There are various relatives of US citizens and permanent residents (green card holders) living in different corners of the world. Therefore, the US has come up with different ways to apply for a green card. Uniting people living in the US is an important goal of immigration law. However, that does not mean all kinds of relatives can come.
The US immigration law is quite strict about which family members are eligible to apply for a green card and which ones are not. Therefore, only people who are in that specific category will be allowed. A Dallas family immigration lawyer can guide you through the step-by-step process and reunite you with your family.
Which family members can apply for a green card?
There is no limit on the number of green cards the US issues every year for the immediate relatives of US citizens. They can also enjoy the privilege of not having to wait on the waiting list, unlike others. Immediate relatives of a person can be one of the following.
- Spouses of US citizens
- Recent widows and widowers
- Same-sex couples (only if their marriage is legal in their native country or state)
- Unmarried people of at least 21 years of age who have at least one parent in the US
- Parents of a US citizen, given that their son or daughter is at least 21 years old
- Stepchildren and stepparents, if the marriage took place before the children turned 18
- Parents and children related through adoption, given that the adoption took place before the child turned 16.

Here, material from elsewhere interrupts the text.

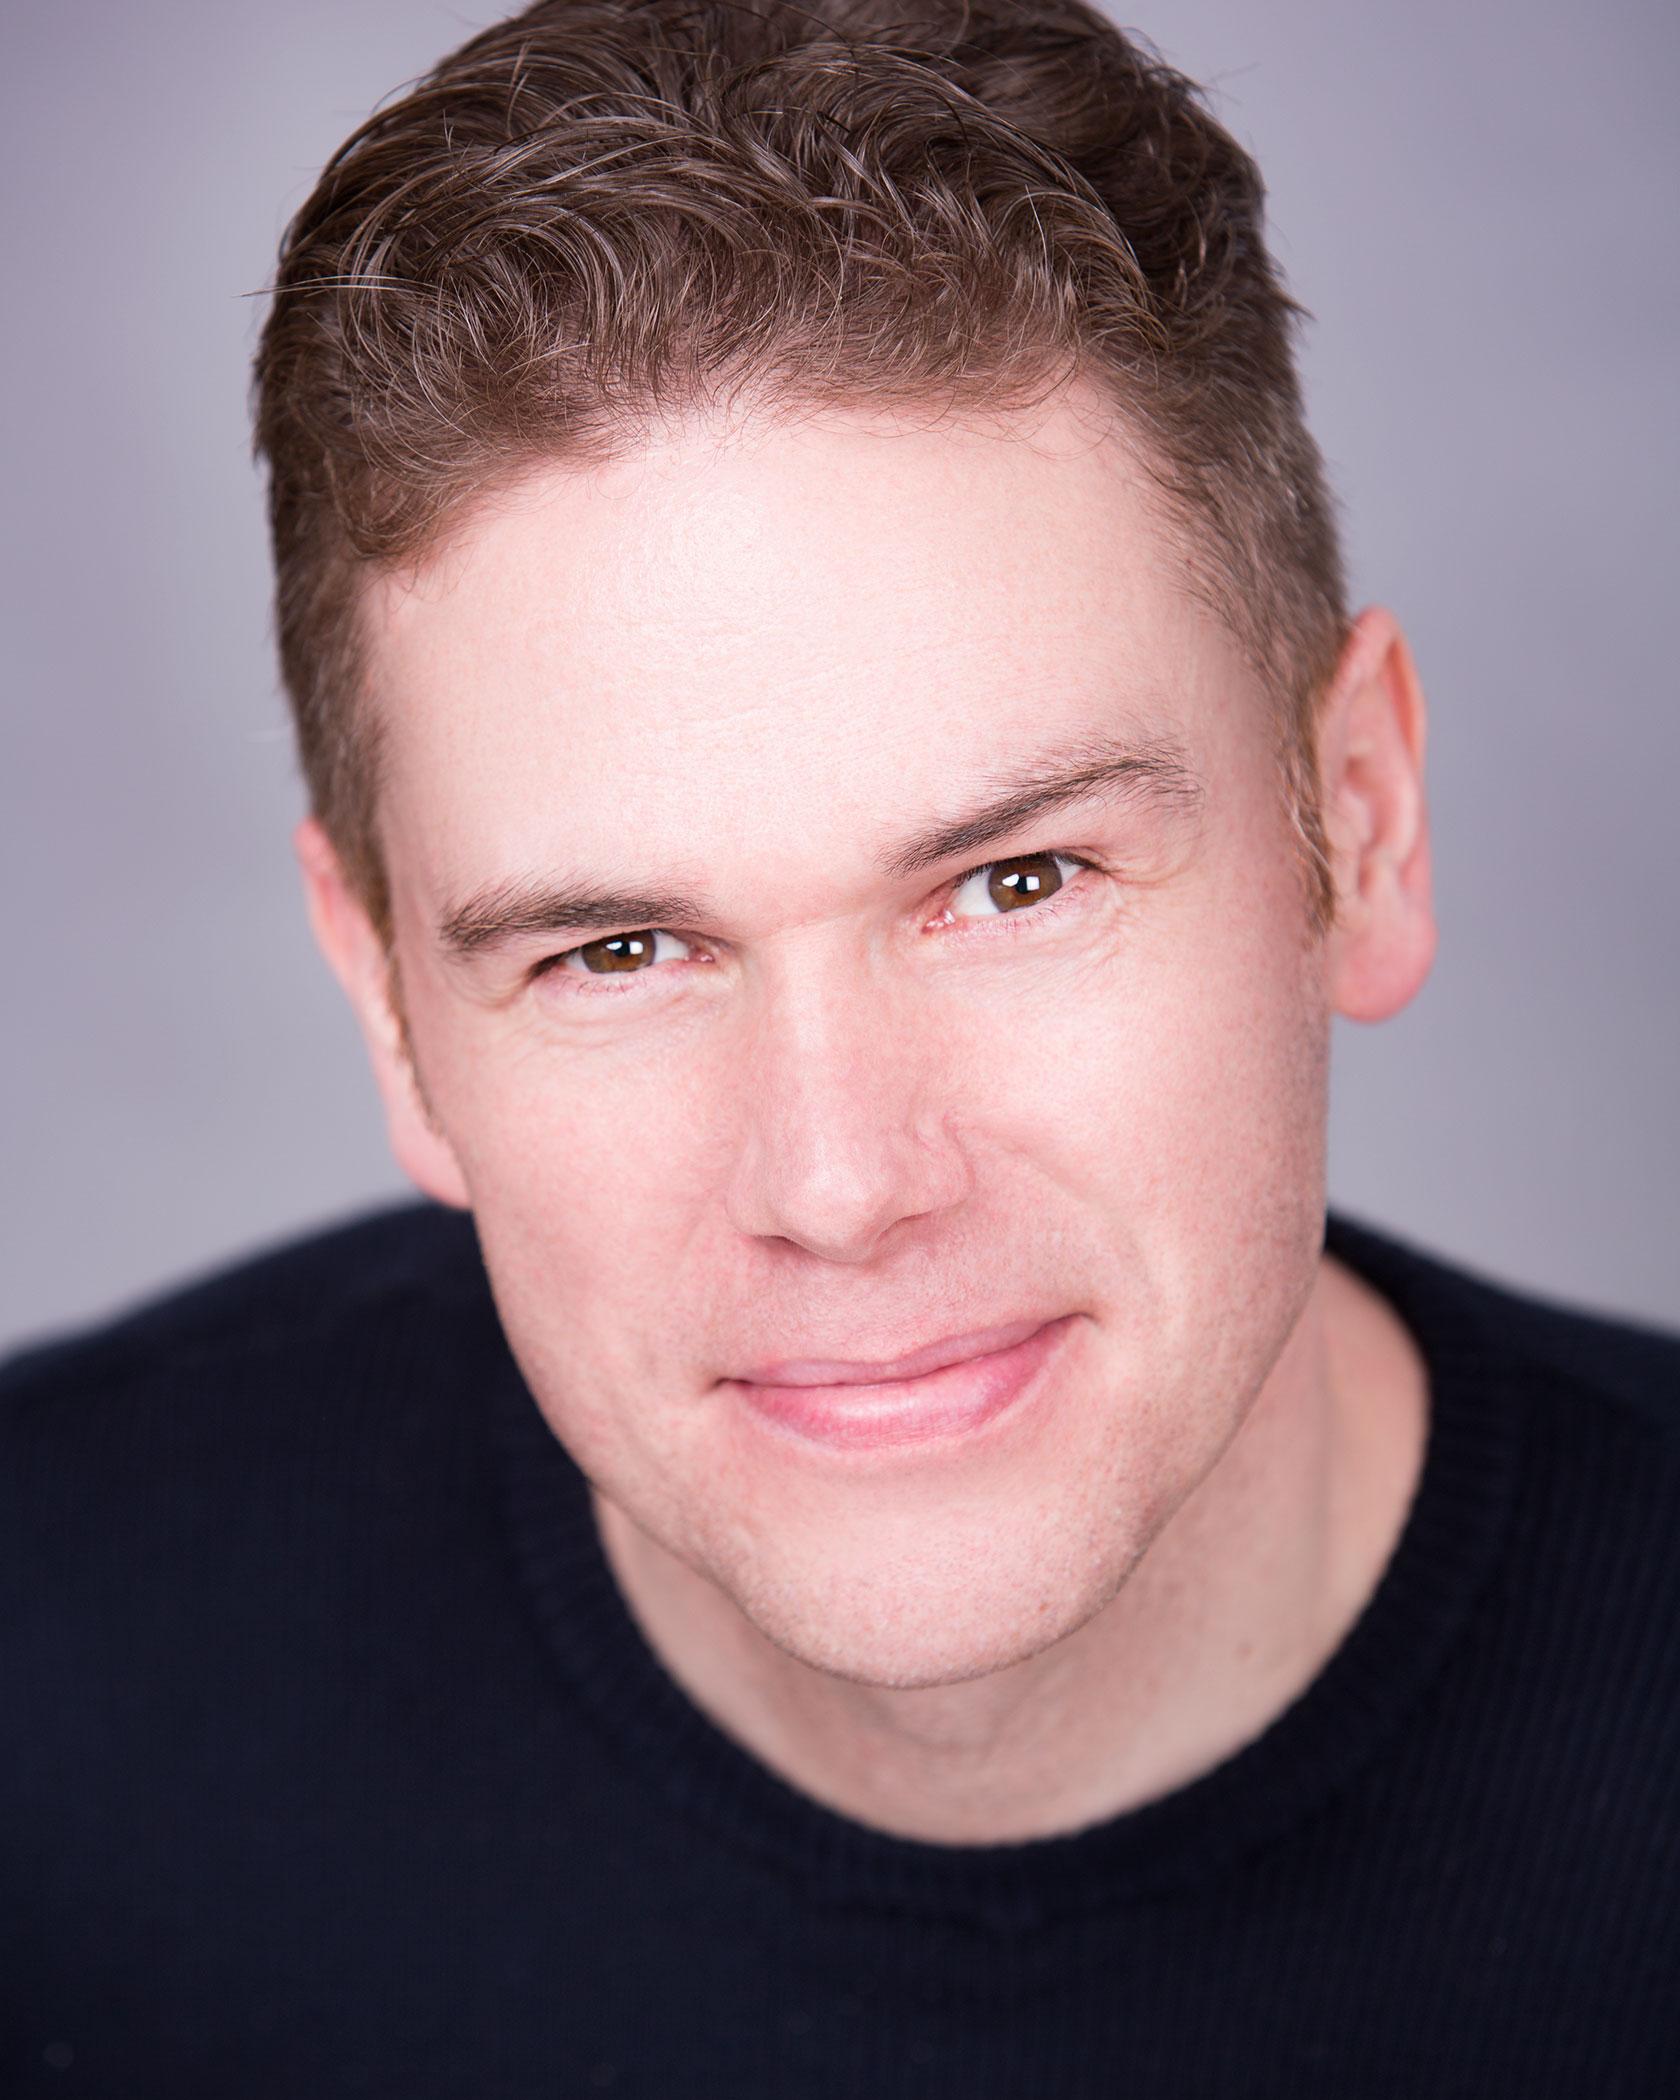 Shaun Dalton | Actors Headshot

All the visas mentioned above are known as immediate visas. They do not have an annual limit, unlike other types of visas. This is because US immigration wants to unite close family members in Dallas as soon as possible. Therefore, regardless of the number of people who have applied before you, you will be able to get a green card if you meet the requirements.
Family preference immigrant visas
Some other family members are also eligible for a green card. However, they may have to wait for long periods, and the number of green cards available for them is also limited. You may have to wait for several years, according to their place in the preference category.
- F1: Unmarried people with at least one parent in the US.
- F2: Spouses, minor children, and unmarried sons and daughters of permanent residents.
- F3: Married people of any age with at least one parent in the US.
- F4: Sisters and brothers of US citizens who are over 21 years old.